Ken didn’t dislike Jimmy, not at all. He figured that the word asshole, like stupid, sometimes wasn’t an insult, it just denoted a fact of life. So while some people were stupid, Jimmy was an asshole. Ken supposed that the biggest symptom of this was that Jimmy liked to give people shit for no reason. He didn’t think he’d seen Jimmy actually mad about anything more than four times in the five years he’d been living there. No, Jimmy was at his happiest when giving people shit, and today was no exception. “You’re just in fucking time, you. One more day and I coulda told you to go find a carboard box. So how are ya anyway?”

“I’m fine, and you oughta stop advertising your competitors like that,” Ken growled amiably. “Here’s your rent. So how’s it going?”

“Yeah, yeah, it’s fine, business is good. Or it will be when that dickweed in B-12 gets out, that fucker’s costing me a fortune in electricity. And everything magically fucking breaks in his bay, ain’t nothing his fault. I gotta justify this shit to the old man, and… whoa, d’you feel that?”

Of course Ken had felt it. A tremor in the ground, not much, but enough to make him grab the counter to steady himself. There’d been a few of those tremors in the past month, and lots of speculation. “So you figure we’re gonna get an earthquake or something?”

“Nah, they said in the paper it was something that happens every 10,000 years or something. Here.” Jimmy reached under the counter and held out the paper, topping it with a scribbled receipt, “I’m done with it.”

“Thanks, see ya later.” Ken stepped through the door and looked back. “Hey, you might wanna take a look around, make sure all that shakin’ didn’t break anything.” He grinned. It got the desired reaction.

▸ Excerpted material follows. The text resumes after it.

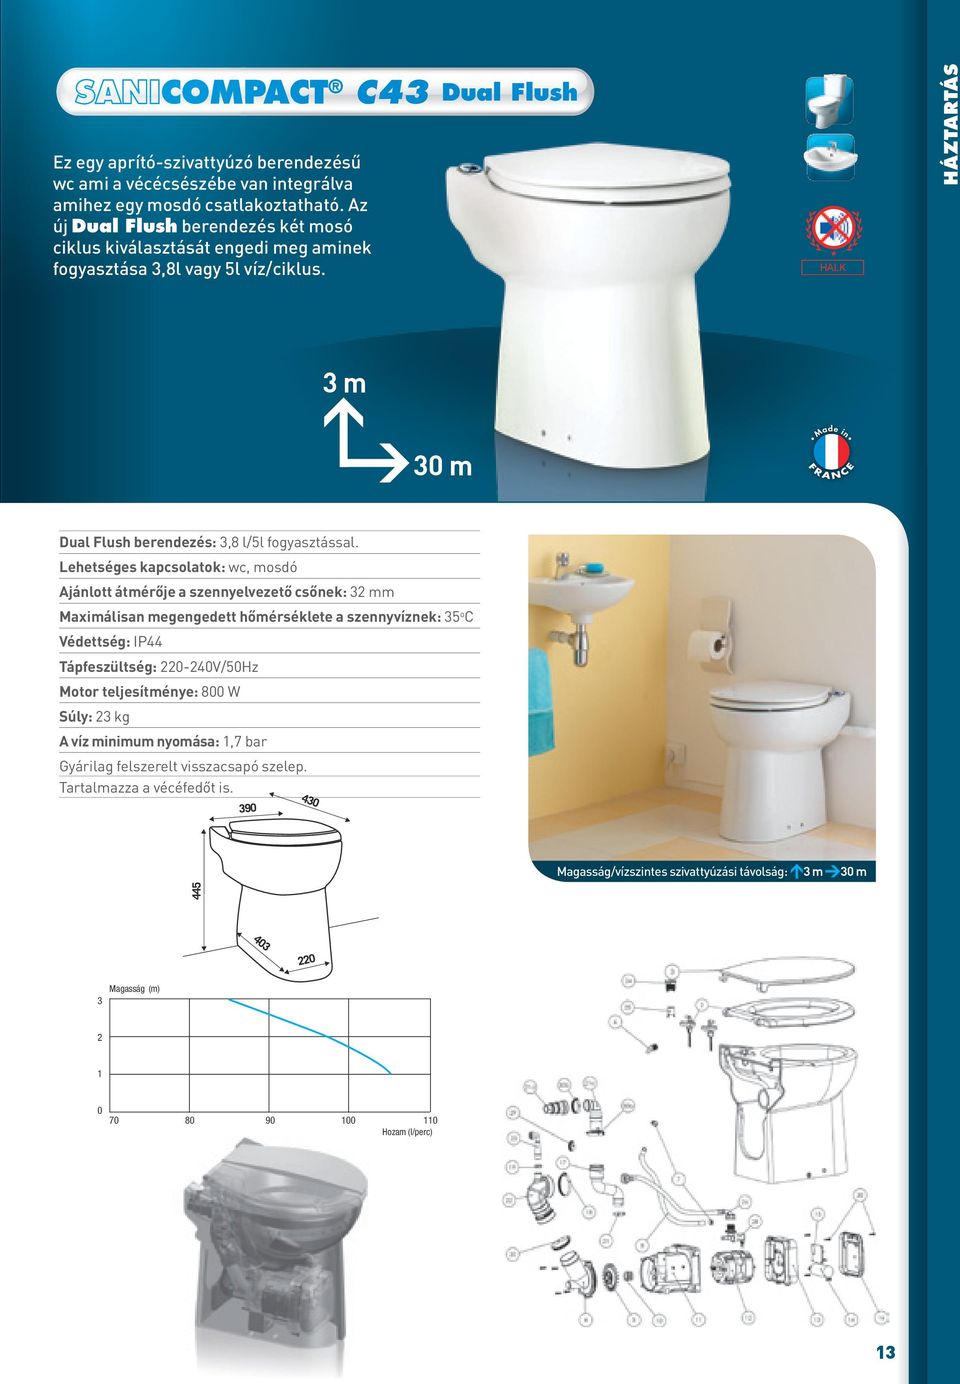 Dual Flush HALK Háztartás m 0 m Dual Flush berendezés:,8 l/5l fogyasztással.
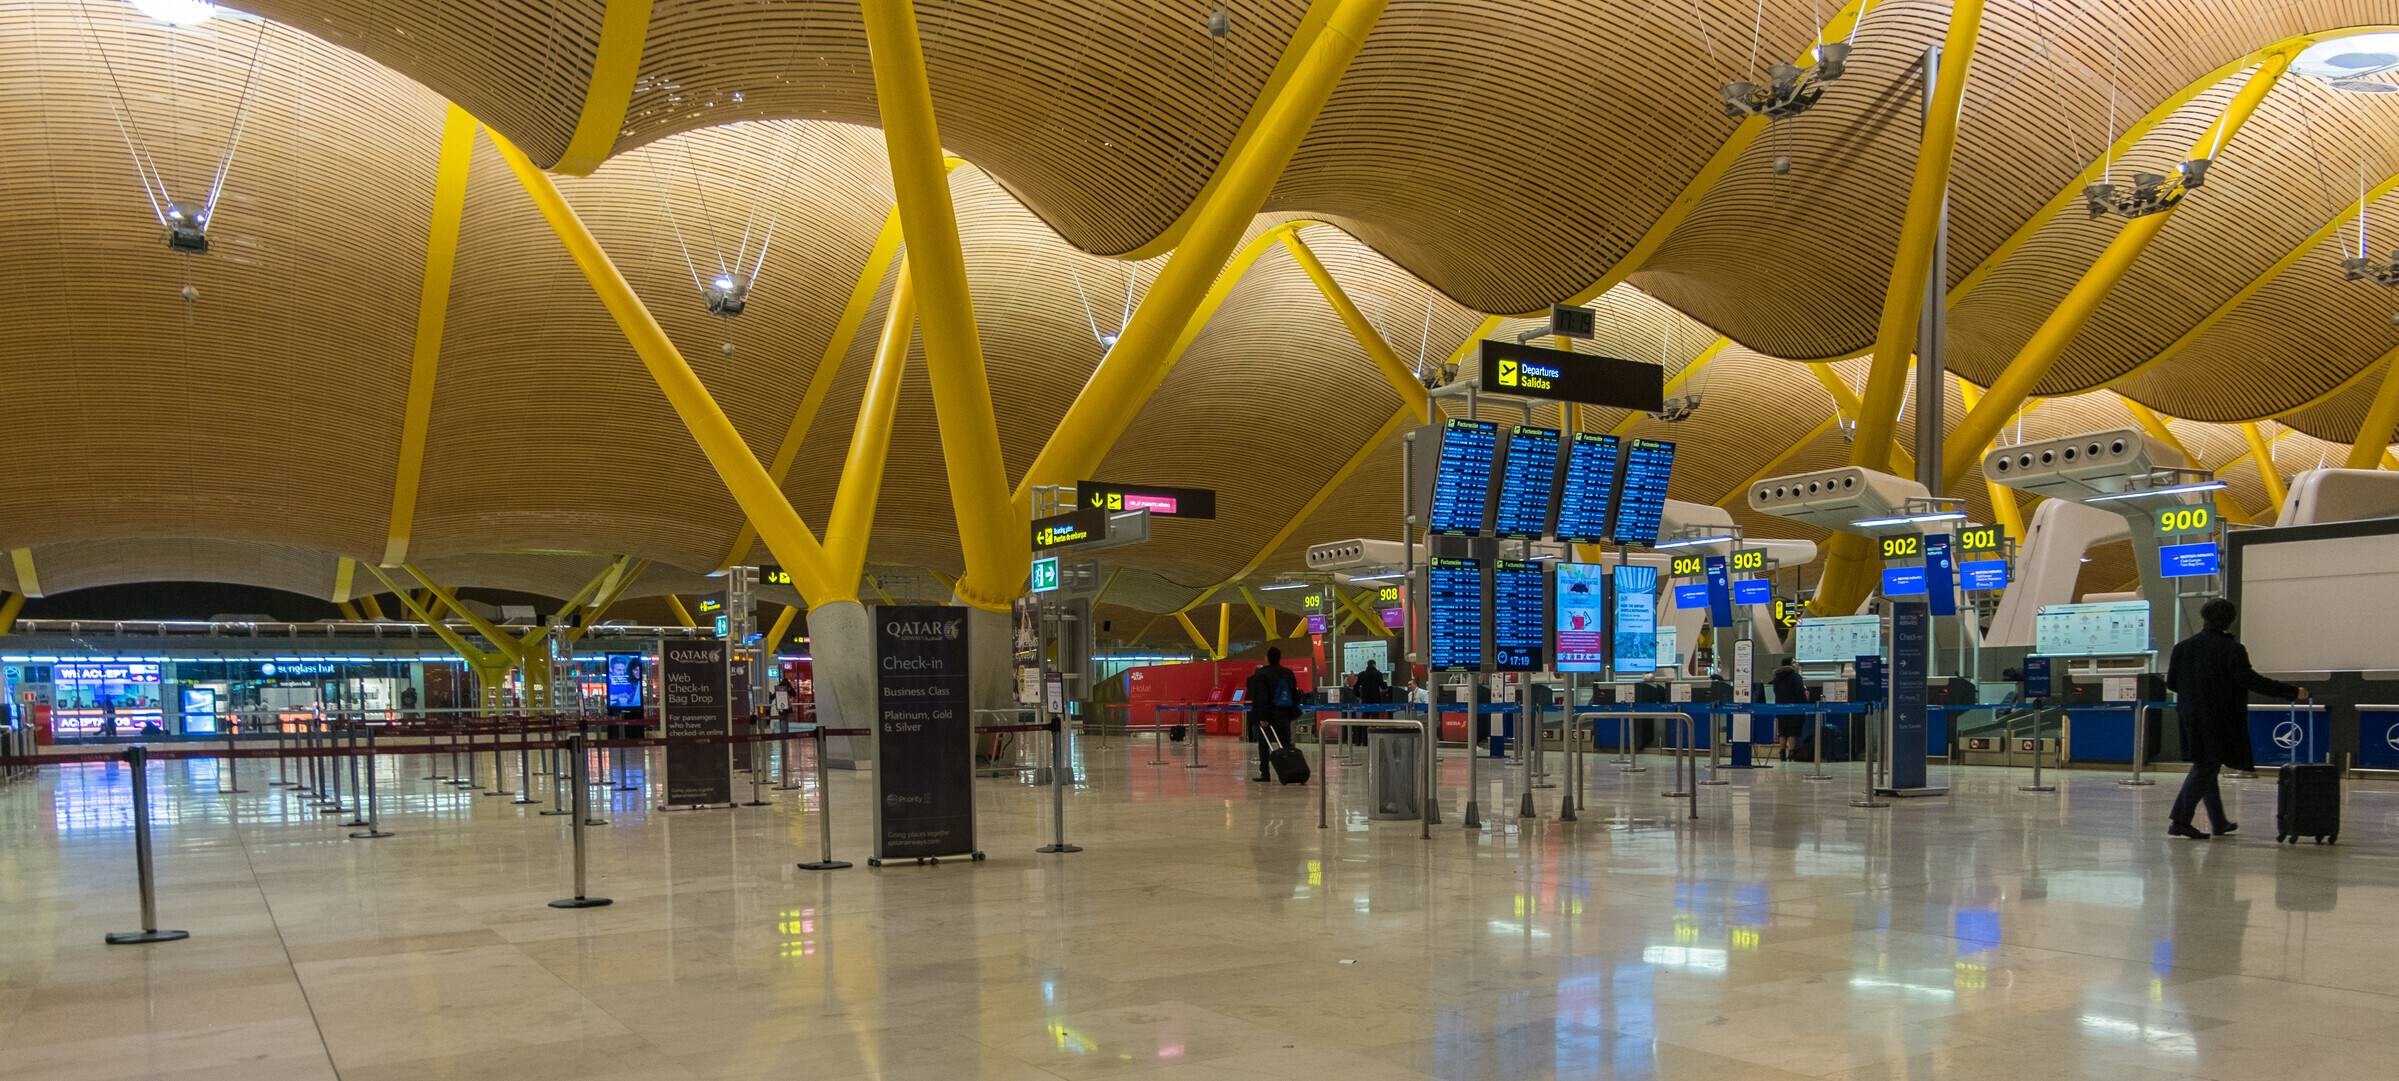 Аэропорта Мадрида: официальный сайт, схема терминалов

“Don’t you fuckin‘ jinx me like that, you prick! Of all the f—” The closing door cut off Jimmy’s rant. Always leave ‘em cheerful.

Ken stepped back out into the warm afternoon, sparing a glance for the gigantic entrance sign for Ruger Warehouse and Storage Facilities, and strolled back to his warehouse. Ruger Warehouse of course didn’t mean Jimmy. The complex belonged to his old man, Sol Ruger, who was enjoying a healthy retirement on the profits. He paid Jimmy well enough for managing the place and doing all the work, but Ken gathered from the way Jimmy talked that old Sol wasn’t likely to give him a share of the profits in this lifetime, so Jimmy just had to keep totin‘ that bale as an employee until he got his inheritance. Well, Ken supposed, it wasn’t such a mystery how Jimmy got to be the way he was.

Ken tucked the paper under his arm and set out down the street. If he was quick, he could grab dinner at the diner.